10:20. I’m sitting in the fancy lounge area of the women’s rest room here at The Chesterton. I shouldn’t have had that champagne on top of those boilermakers, but if I sit very quietly I’m sure I can pull myself together. Actually, I’m not even embarrassed about throwing up in the bar. I was having problems putting my feelings into words, so vomiting was actually a very ironic, very appropriate gesture. I’m not going to let it get me down, but still I curse that crippled man for distracting me the way he did. Malison’s lecture is probably over by now, and he’ll be heading back to his room. Thank God I brought that change of clothes. It’s not my favorite outfit but, seeing as my first choice is spattered with vomit, I guess I’ll have to go with the second choice.

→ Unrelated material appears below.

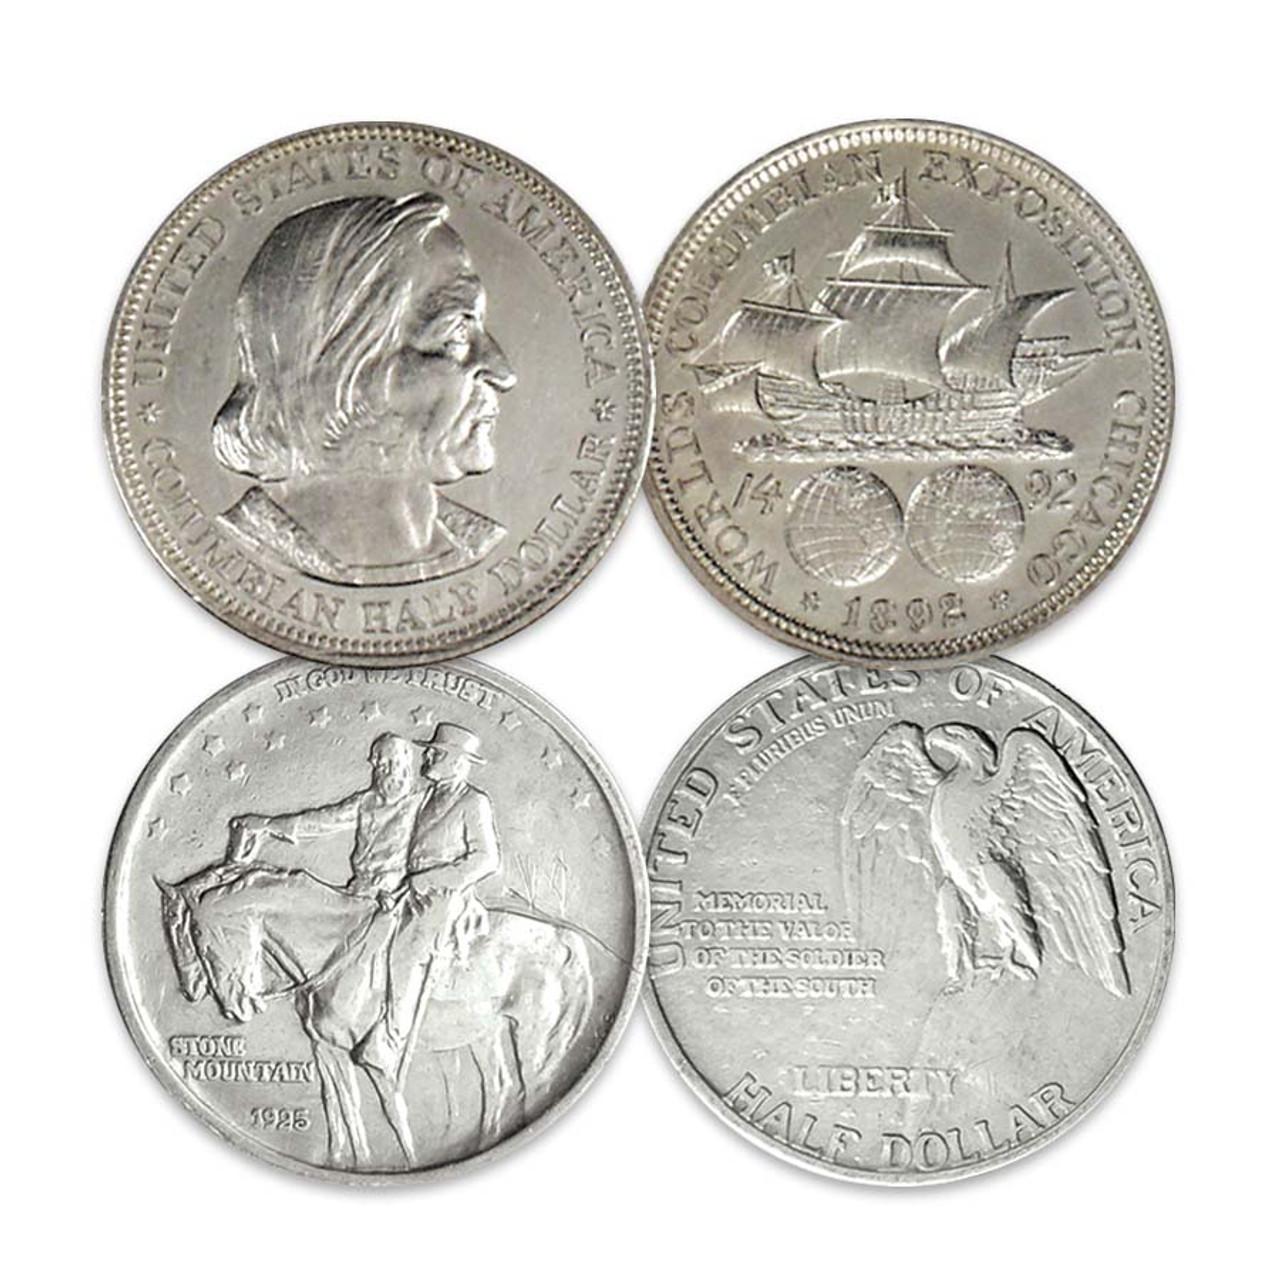 1892 Columbus Half Dollar Extra Fine & 1925 Stone Mountain Half Dollar Very Fine Pair
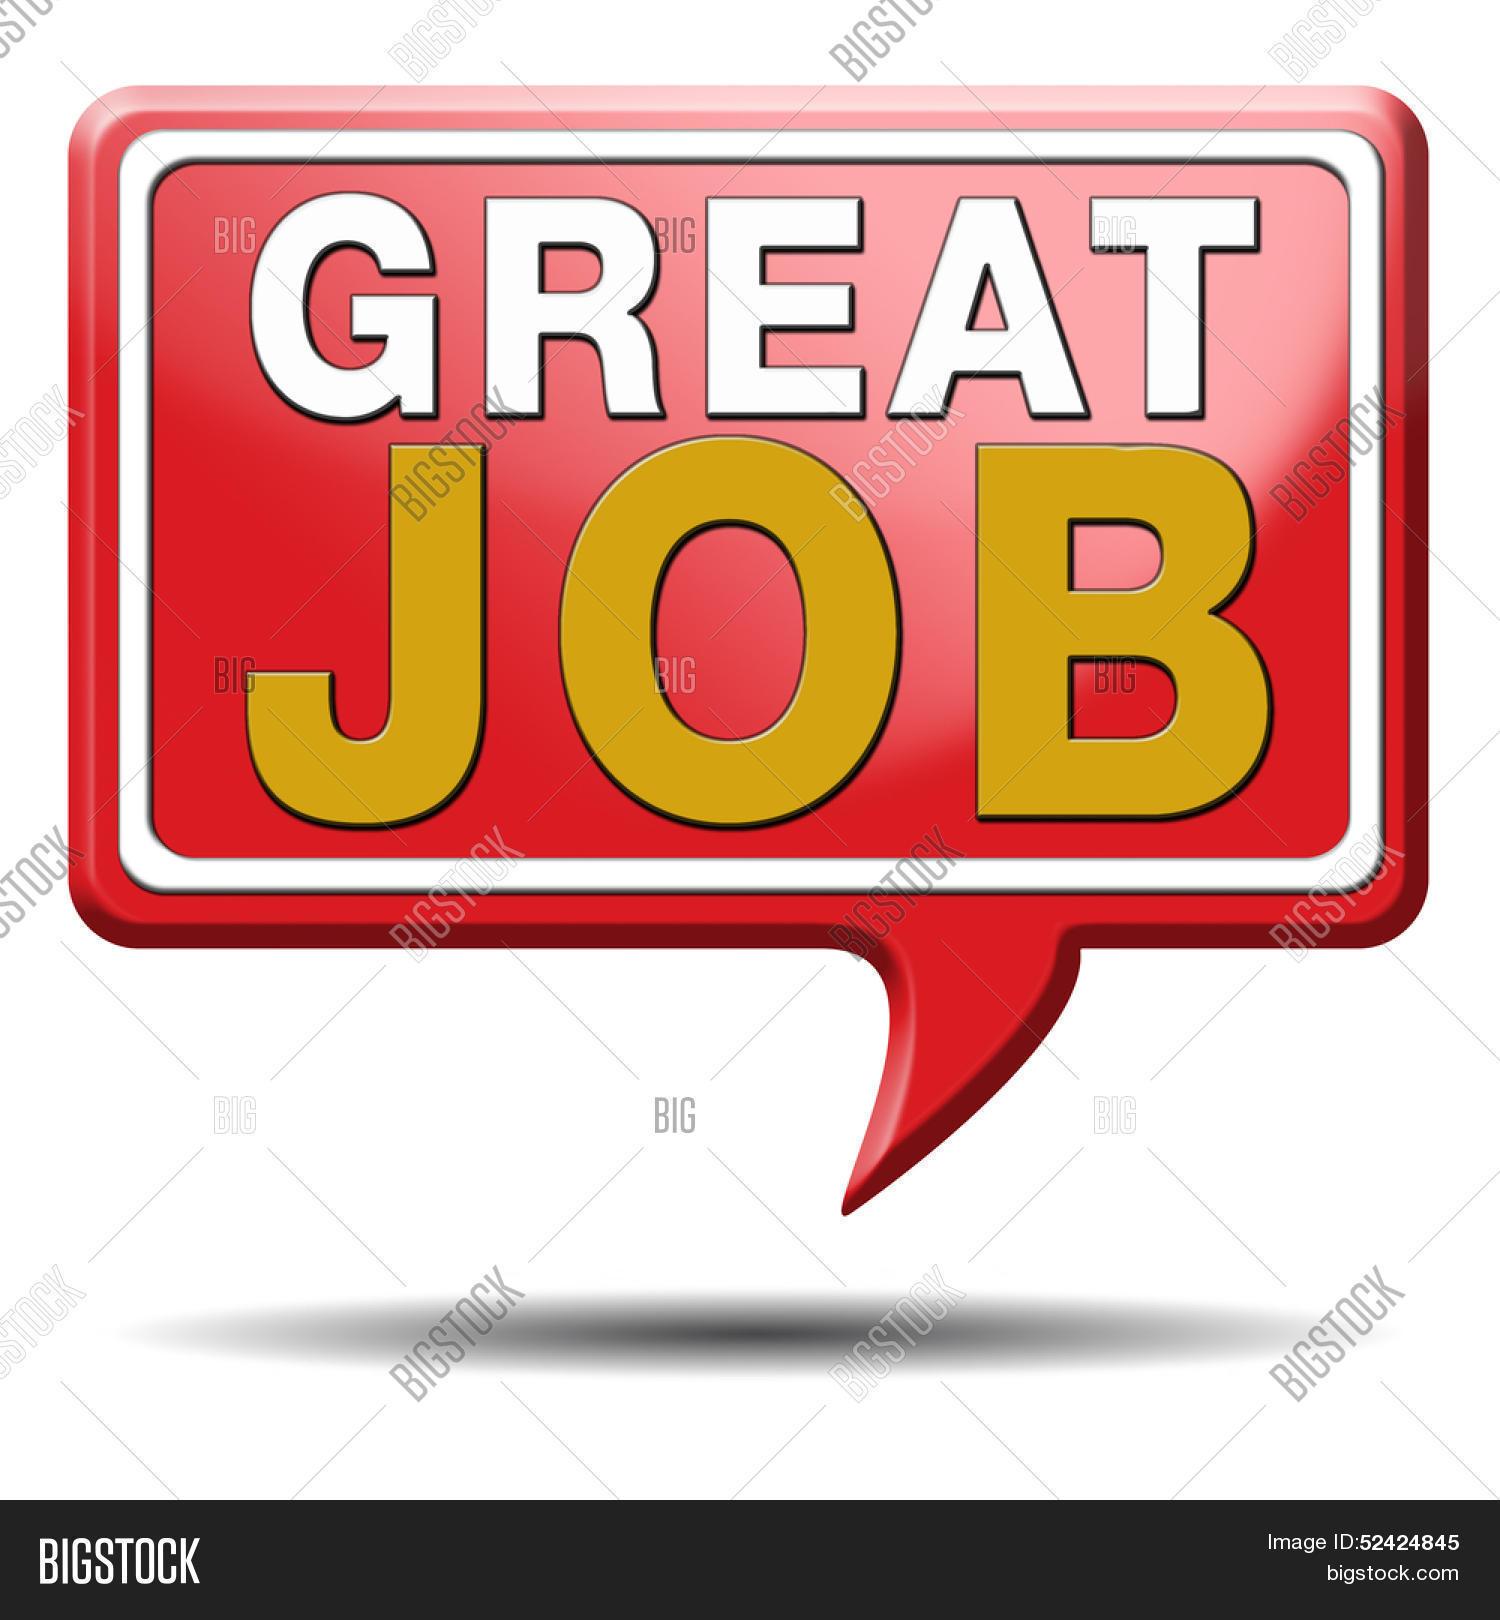 Clip Art Great Job Team Images - Transparent Good Job Images Free, HD Png  Download - kindpng

That old guy is probably still sitting in the bar, using his nap-kin to mop up the vomit and trying to convince the waitress that the world is good at heart. He’d come over to my table and asked to join me, and I looked up from my writing and said, “Go ahead, sit down,” not because I wanted company, but be-cause he obviously needed to sit someplace and all the other chairs were taken. This man walked with two canes and his legs were twisted. Each foot pointed off in a different direction as though they had been attached sideways. He sat down and asked the waitress to bring us her finest bottle of champagne. The waitress asked, “What are you celebrating?” and the man just spread out his arms and looked back and forth across the room. I said, “You’re celebrating this bar?” and he said, “No, I’m celebrating life!” I should have gotten up and left; but instead I saw this man as someone I can use for a piece I’m working on. He’s someone whom Malison would describe as a self-hypnotic, one of those people who convinces himself that his life is meaningful only because the truth would destroy him. It’s as if someone has hypnotized him by waving a turd back and forth in front of his face and saying, “You’re getting sleepy . . . sleepy.”

When the champagne arrived at the table, the crippled man grinned from ear to ear. And I mean that literally. He had the widest mouth I have ever seen on a human. I think he could have fit a saucer in there with no problem. He had this wide mouth and sandy blond hair growing in tufts along the sides of his head. The top of his head was bald and covered with spots and freckles. He made a big production of popping the cork off the champagne bottle, and the people at the other tables all looked our way and cheered him on. Everyone acted as if this were important and memorable. The man poured two glasses and then noticed my journal and said, “So, I see you’re a writer.” This would be like me noticing his two canes leaning against the table and saying, “So, I see you’re a cripple,” but I bit my tongue and just said, “Yes, I’m a writer.” The man said he’d never written much besides letters but that reading was his greatest pleasure. Then he rattled off a list of the writers he admired — fussy, middle-of-the-road contemporaries — and I said, “Aren’t all those people dead?” and he grabbed at his heart and said, “I hope not!” It went right over his head. He asked who I like reading, and when I answered, “Malison,” he winced. You’d think I’d spat in his drink. It pissed me off. I don’t need this man’s approval to read anything. I’m not here to live up to his expectations. I’d rather die than live up to his expectations. His attitude was getting on my nerves, and I should have just packed up my shit and left. I asked if he’d actually read any of Malison’s work, and he said as a matter of fact, yes, he had. He said he’d recently found himself on a Greyhound bus to St. Louis and had discovered too late that the attaché case containing all his books had been stored below along with his luggage. He said he’d spent eight hours reading a copy of Rotunda Surf he’d found abandoned on the seat beside him. He used that word, abandoned, to suggest that someone had deliberately walked away from a hardcover Malison.